В Надвислянском крае есть такая пословица: “Во что веруешь, цыган? — Во что прикажешь, сударь!” Веры они, в сущности, никакой не исповедуют. Только прикидываются православными или католиками, хотя — как мы увидели при осмотре вышеуказанного места за Нововейской улицей, — крестиков, образков, четок в их кибитках полно, но для них это всего лишь колдовские амулеты, ничего больше. А новорожденных они готовы крестить не по одному разу ради получения подарков и хорошей метрики, хотя охотно совершают паломничества к далеким святым местам».

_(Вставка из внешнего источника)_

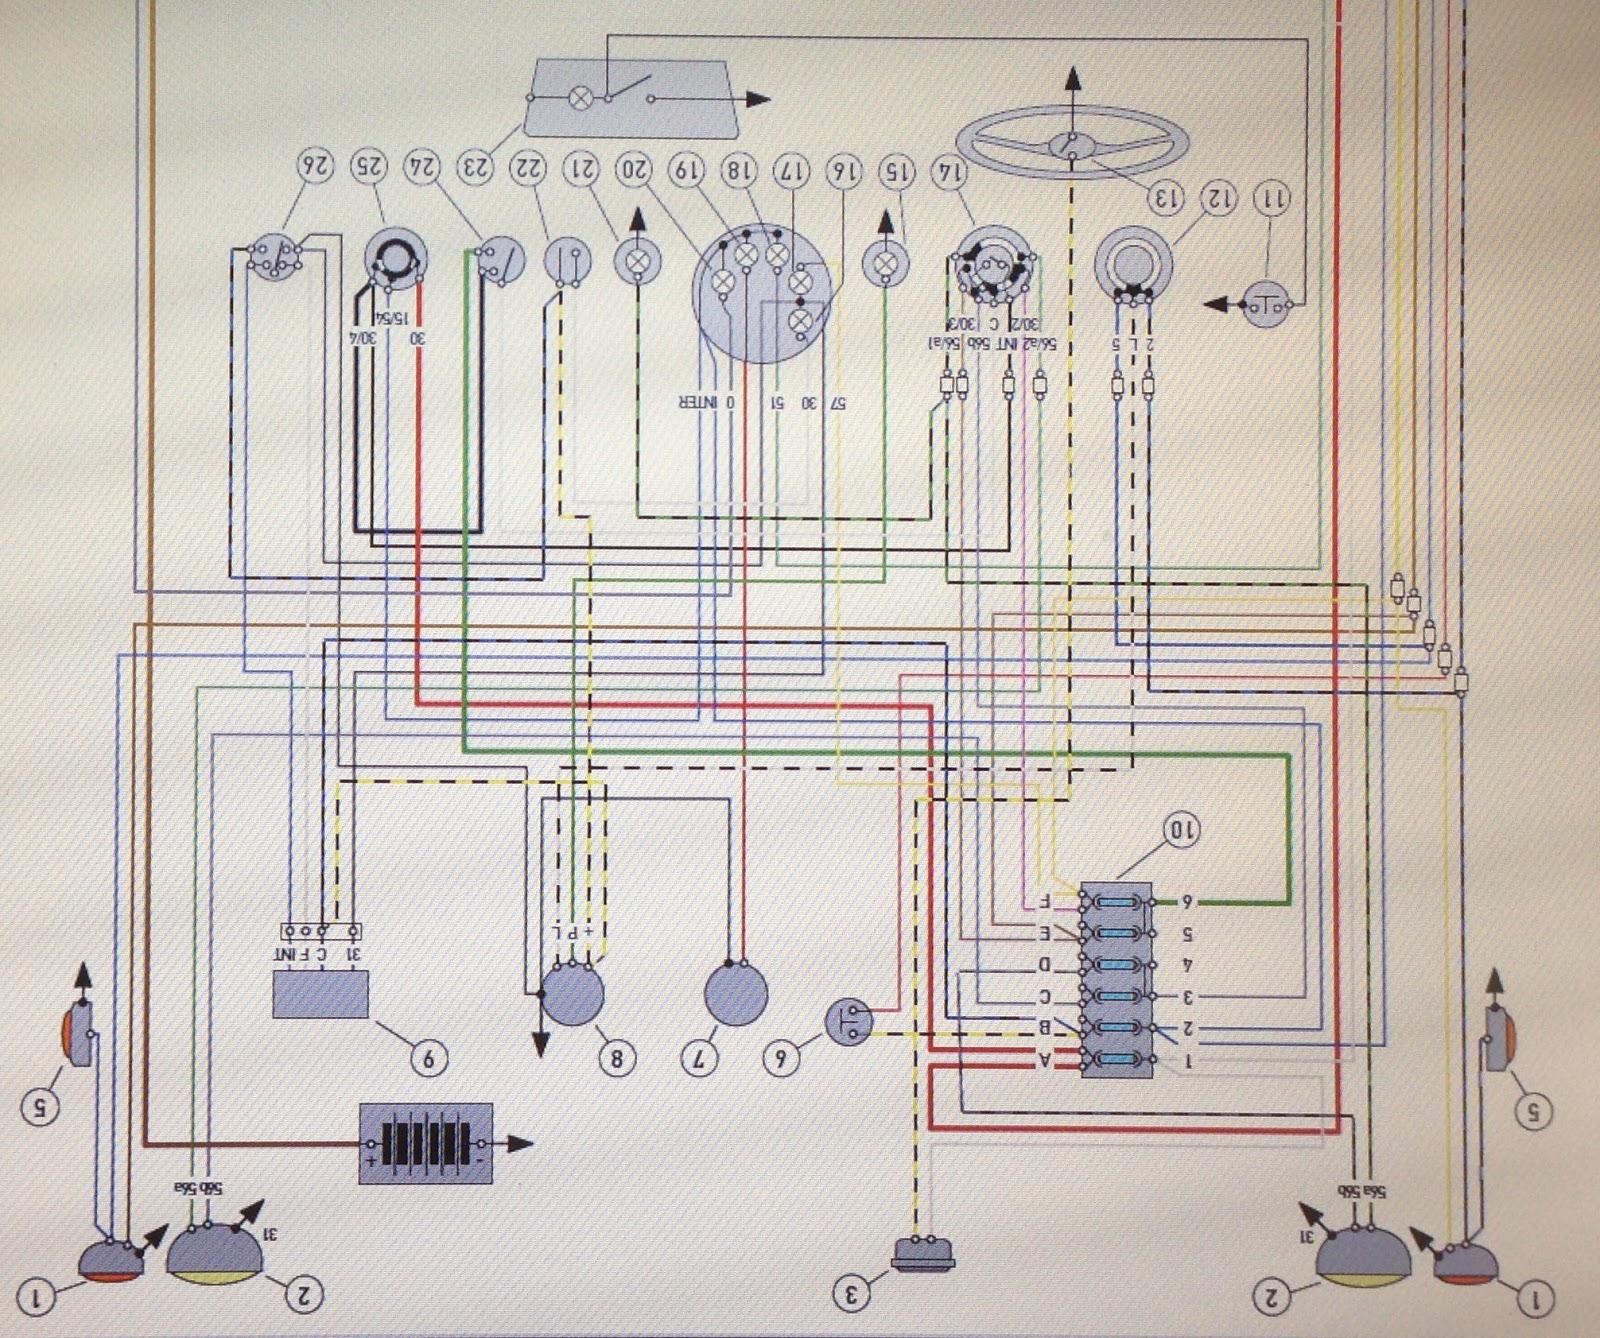 Wonderful Fiat Spider Wiring Diagram Photos - Best Image Schematics ...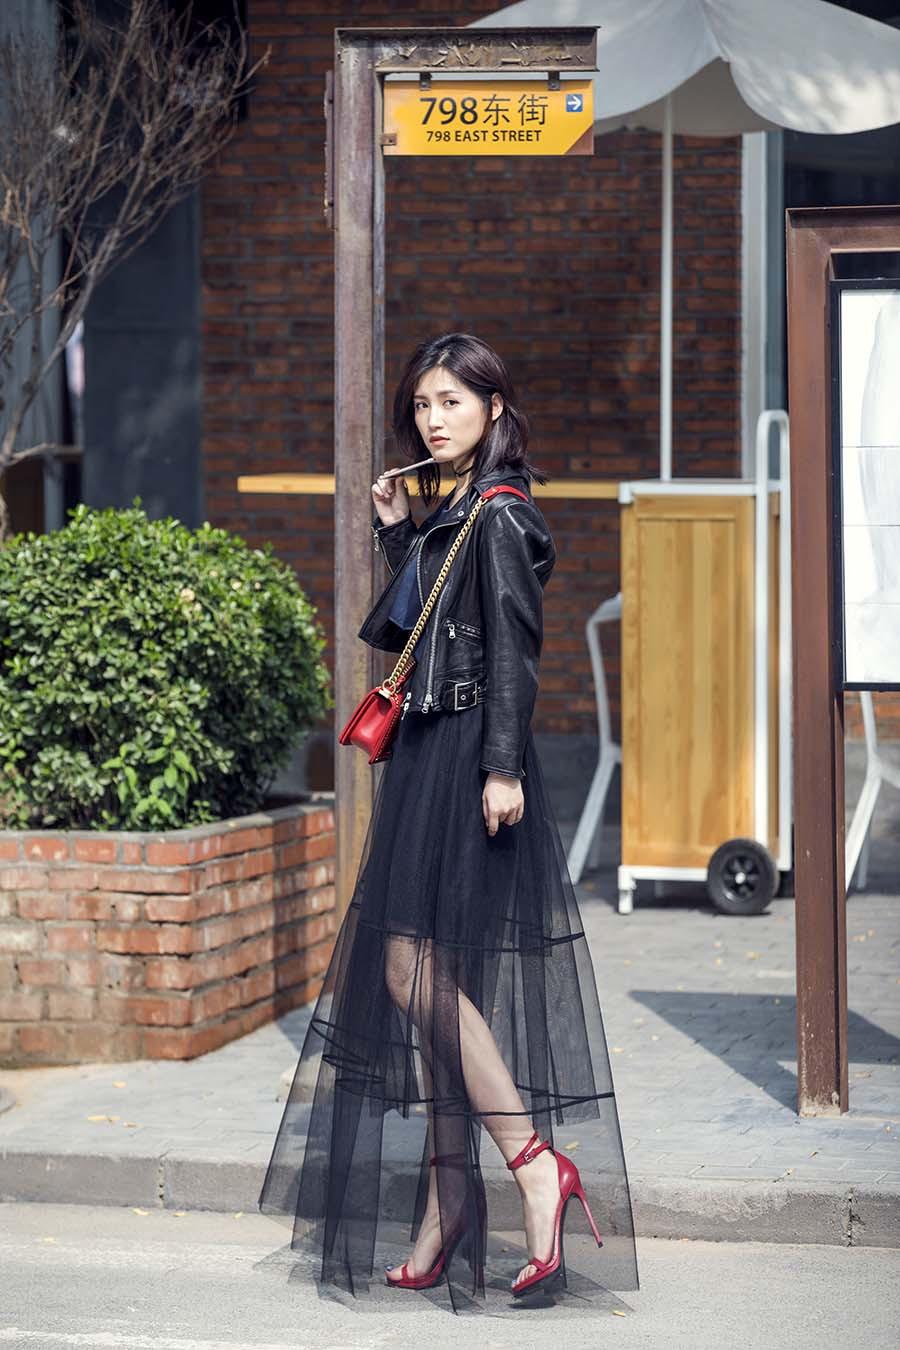 演员苏青曝光一组金属风街拍,照片中苏青身穿黑色皮衣,搭配黑纱长裙图片

Сам советник Мелерс во время осмотра цыганского табора ничего не говорил, только, следуя за Ларионовым, внимательно ко всему приглядывался и лишь под конец то ли что-то записал, то ли проверил в своем блокноте. Когда свадебная церемония завершилась, Ларионов задал несколько вопросов старому цыгану. Вопросы были стандартные. Не отлучался ли кто-нибудь из табора в памятный вечер? Вся ли молодежь находилась на месте? Был составлен список фамилий (а вернее, прозвищ), рядом с которыми Ларионов что-то записывал красным карандашом, что-то подчеркивал и обводил кружочком. Цыгане отвечали спокойно, хотя поручик пришел с оружием.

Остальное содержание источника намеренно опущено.